Esteban Moro
Fuente: Marta Boixo

Internet

“Los patrones de comunicación humanos no han cambiado con las redes sociales”

Esteban Moro, profesor de la Universidad Carlos III de Madrid, cree que la minería de datos de relación es clave para entender cómo funcionan las redes y detectar pautas de comunicación universales.

  • miércoles, 2 de enero de 2013
  • Por Elena Zafra

Para Esteban Moro las redes sociales son algo más que sistemas "complicados" compuestos por millones de piezas, es decir, por las personas que interactúan cada segundo a través de diferentes medios como el teléfono o Internet. Según este experto, son también sistemas "complejos" ya que su 'todo' no puede explicarse simplemente conociendo bien cada una de sus partes. En su opinión, igual que el funcionamiento del cerebro no se explica solo mediante el estudio de las neuronas, o que para entender el comportamiento de los mercados financieros no basta con conocer a cada inversor individual, hace falta también algo más para describir cómo funcionan las redes.
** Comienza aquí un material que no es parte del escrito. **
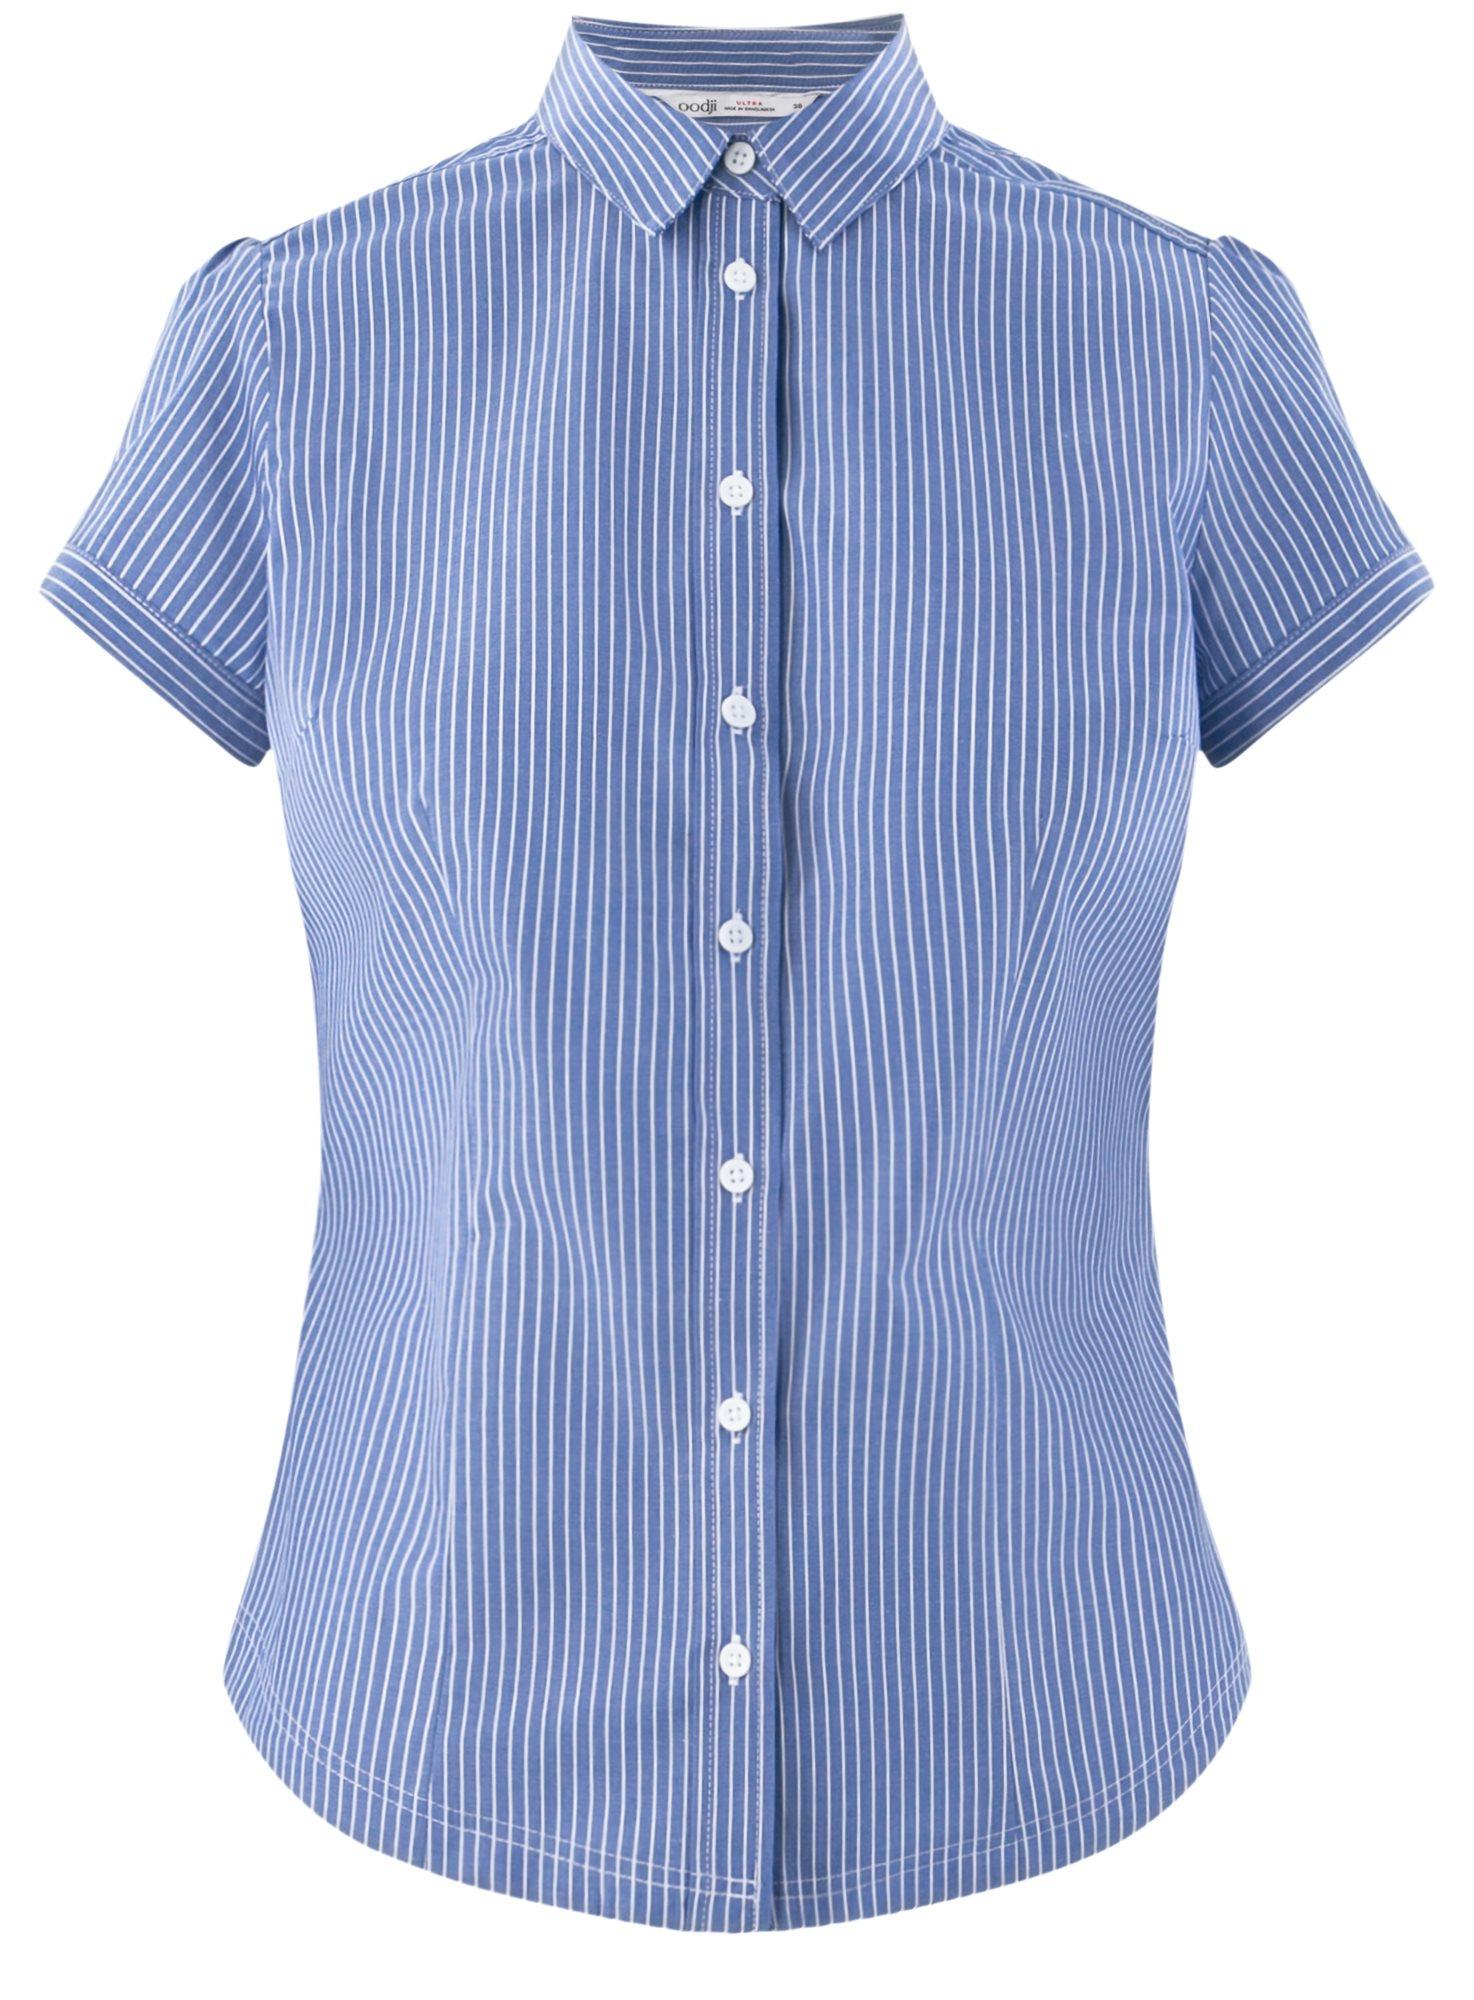 Рубашка хлопковая с коротким рукавом oodji для женщины (синий), 13K01004B/33081/7510S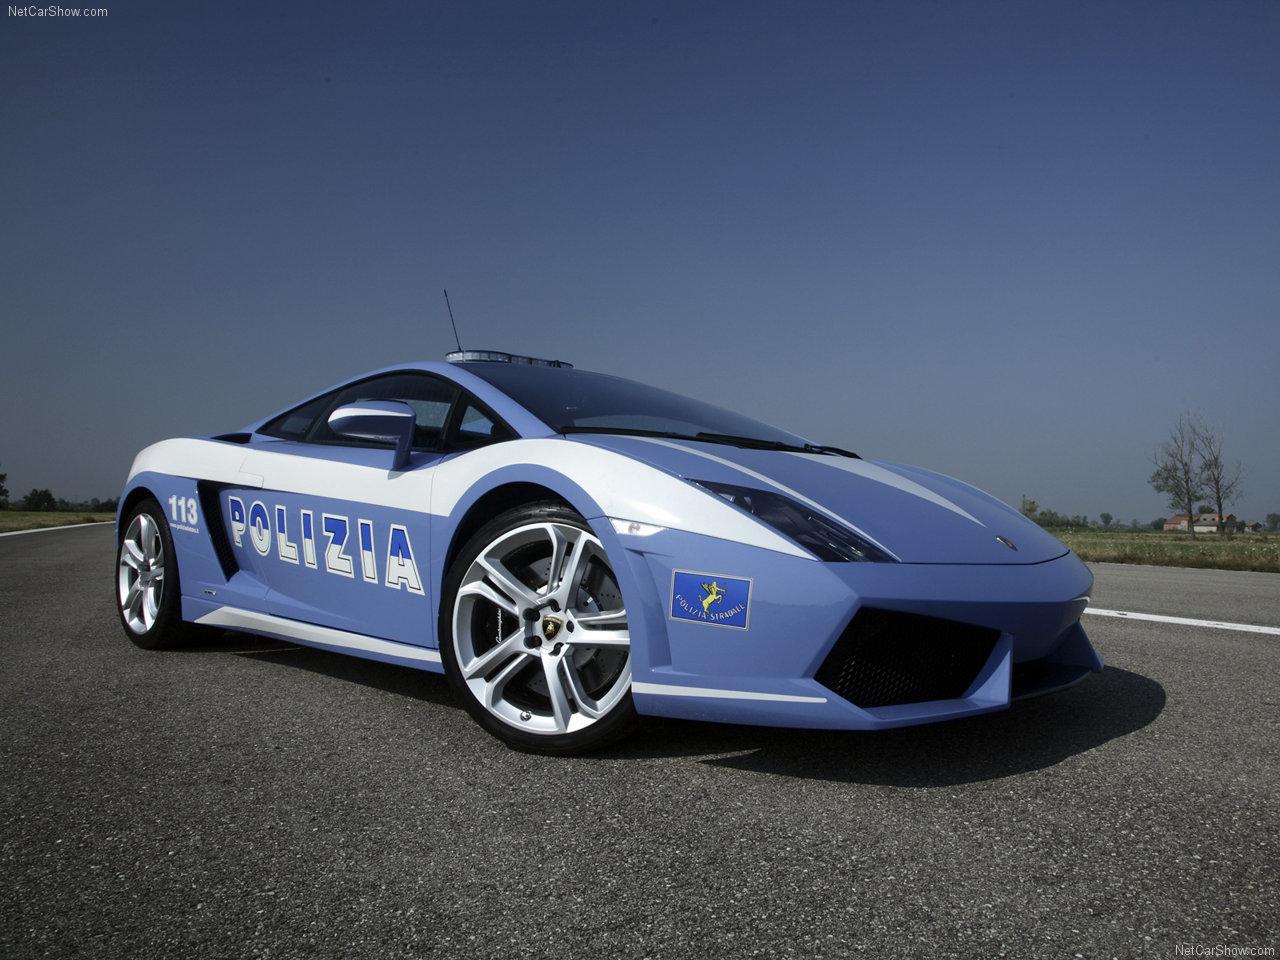 http://2.bp.blogspot.com/-mmfTK1zKX7k/TY8oYaVPOxI/AAAAAAAAA_s/f3HFVg9e6fQ/s1600/Lamborghini-Gallardo_LP560-4_Polizia_2009_1280x960_wallpaper_03.jpg

Y ese 'algo' son las relaciones. “La revolución de las redes sociales surge de la posibilidad que tenemos hoy de monitorizar nuestras acciones individuales, y sobre todo, nuestras relaciones con otros, cosa que hace unos años era imposible”, afirma.
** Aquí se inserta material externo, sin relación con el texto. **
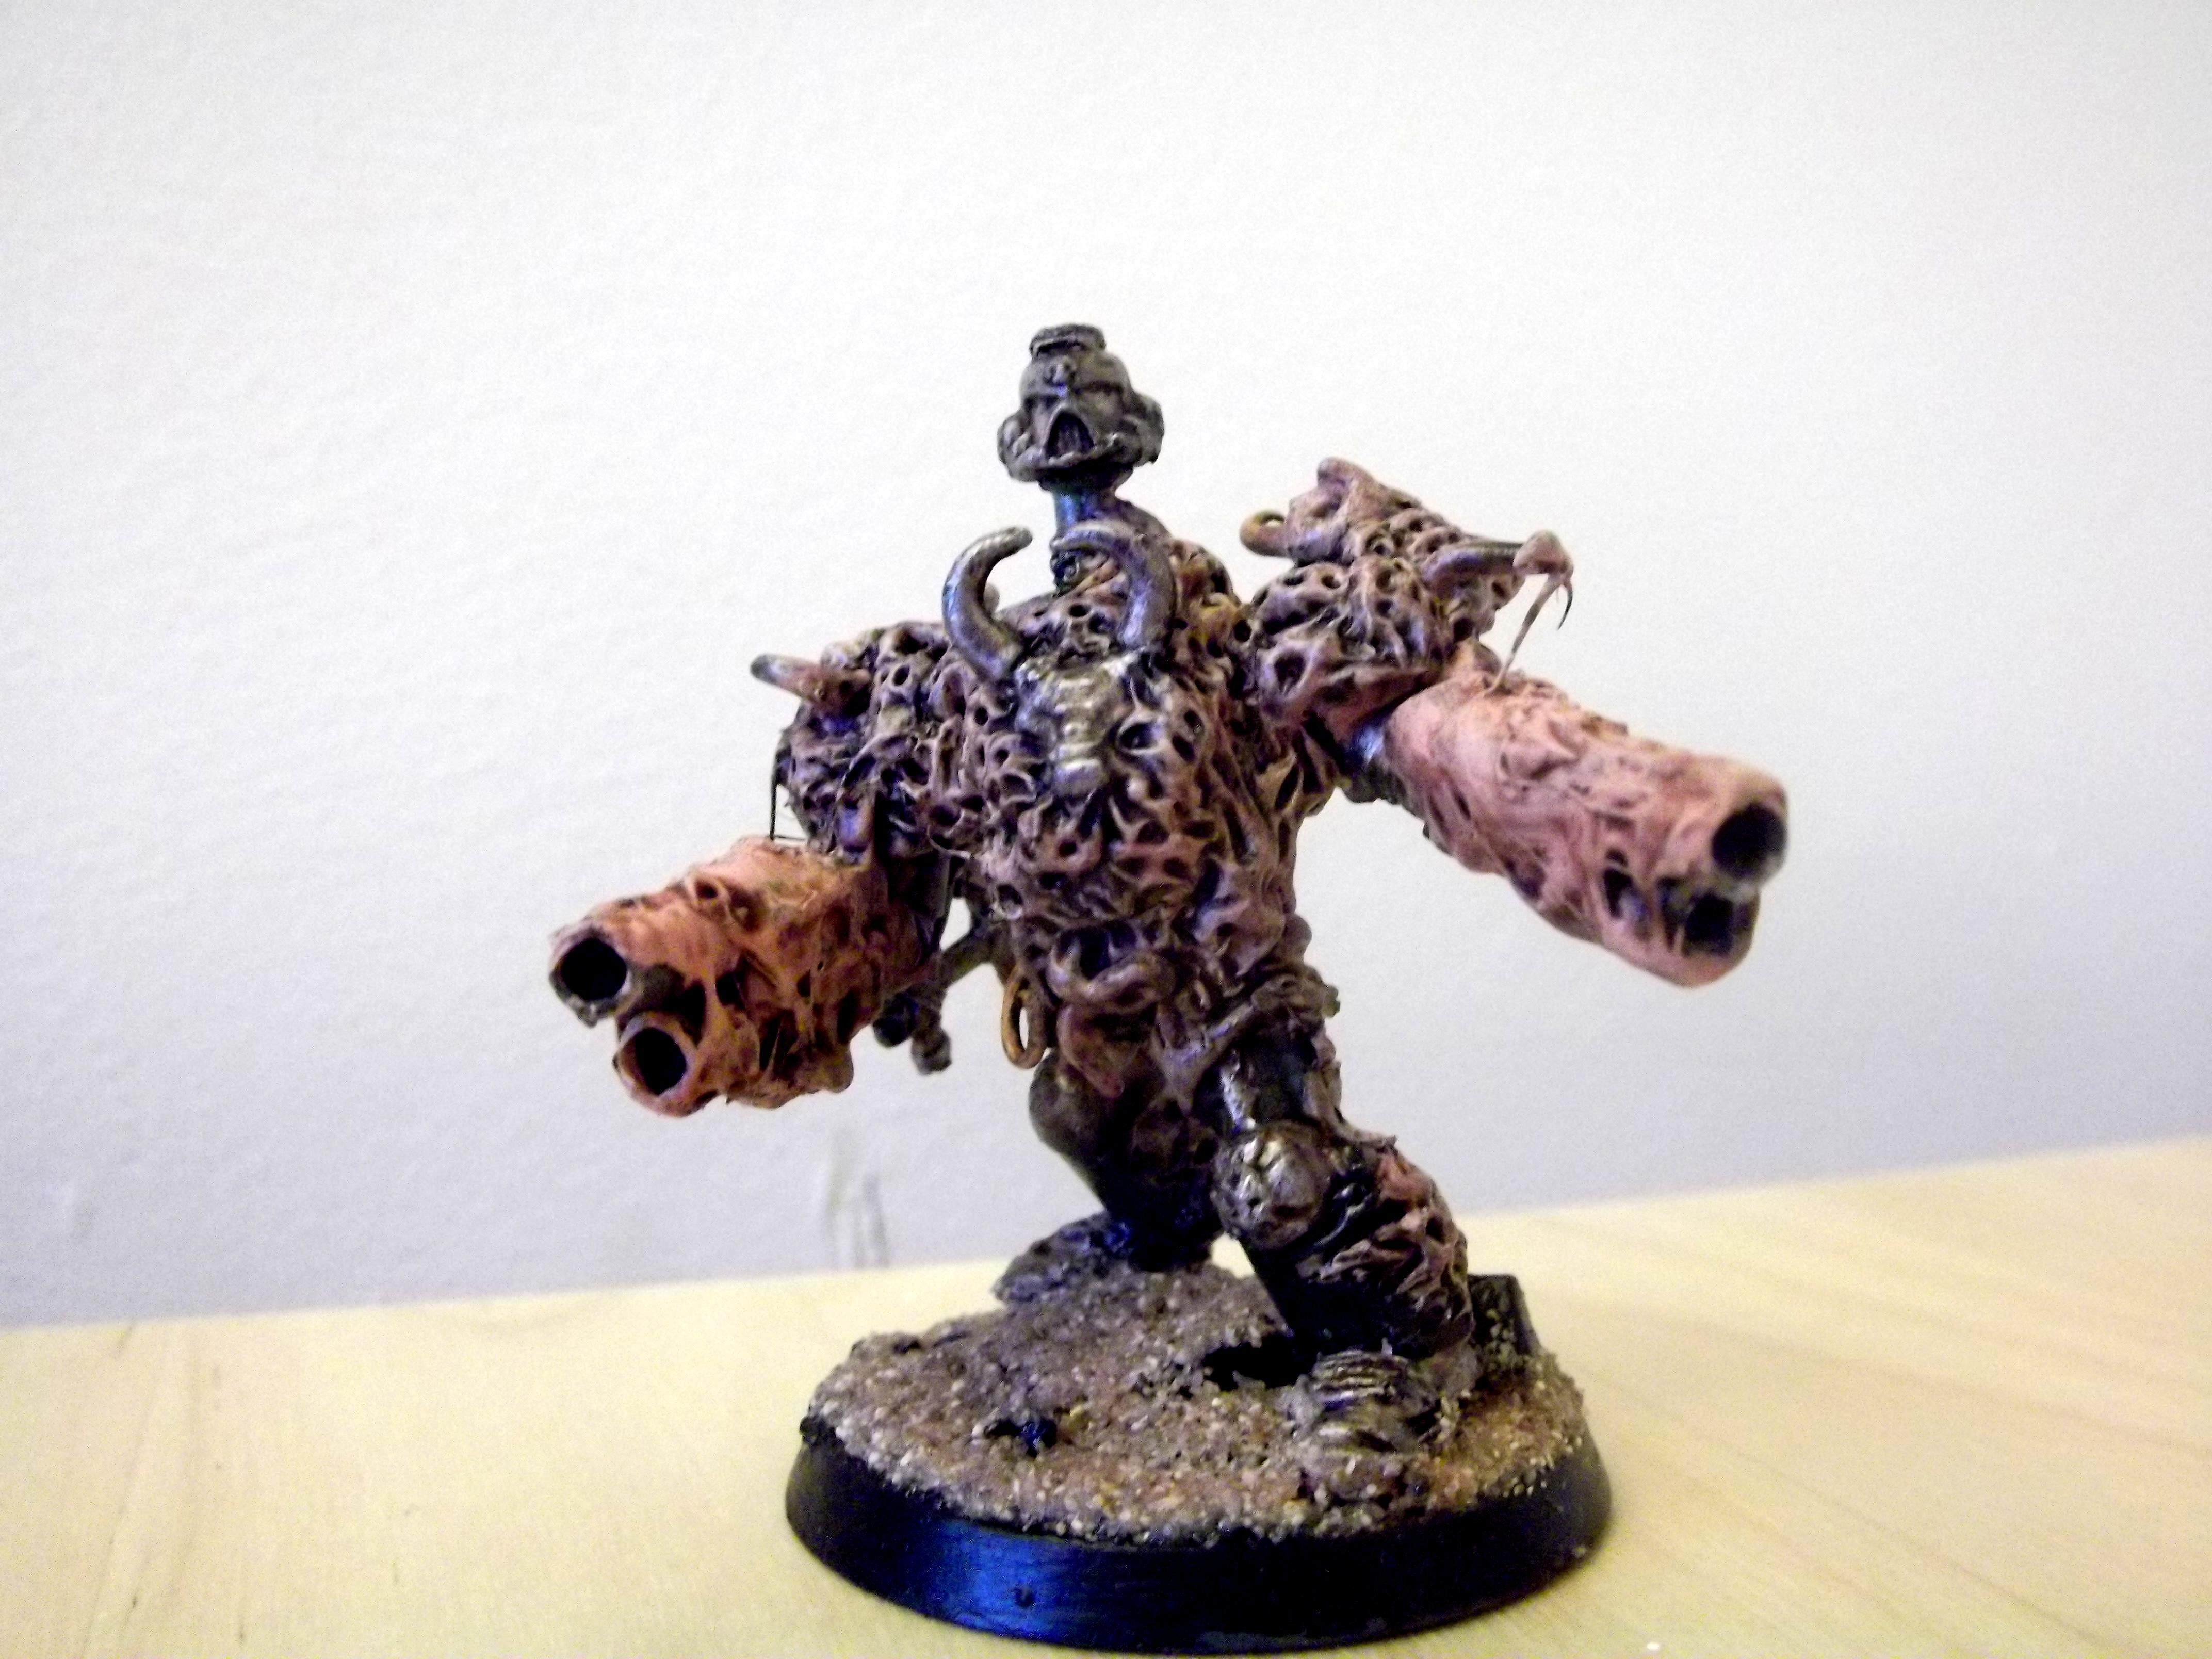 Conversion, Greenstuff, Nurgle, Obliterators, Sculpting, Undead, Warhammer 40,000, Warhammer Fantasy, Zombie

Desde hace siete años, este doctor en física trabaja en el diseño de modelos estadísticos que describen cómo se comunican los humanos en las redes mediante el análisis de grandes cantidades de datos individuales y relacionales. Una vez creados, pueden utilizarse para mejorar procesos de transmisión de información o detectar corrientes de opinión, capacidades que resultan muy útiles a empresas, instituciones y anunciantes que quieren ofrecer productos y servicios a un público específico.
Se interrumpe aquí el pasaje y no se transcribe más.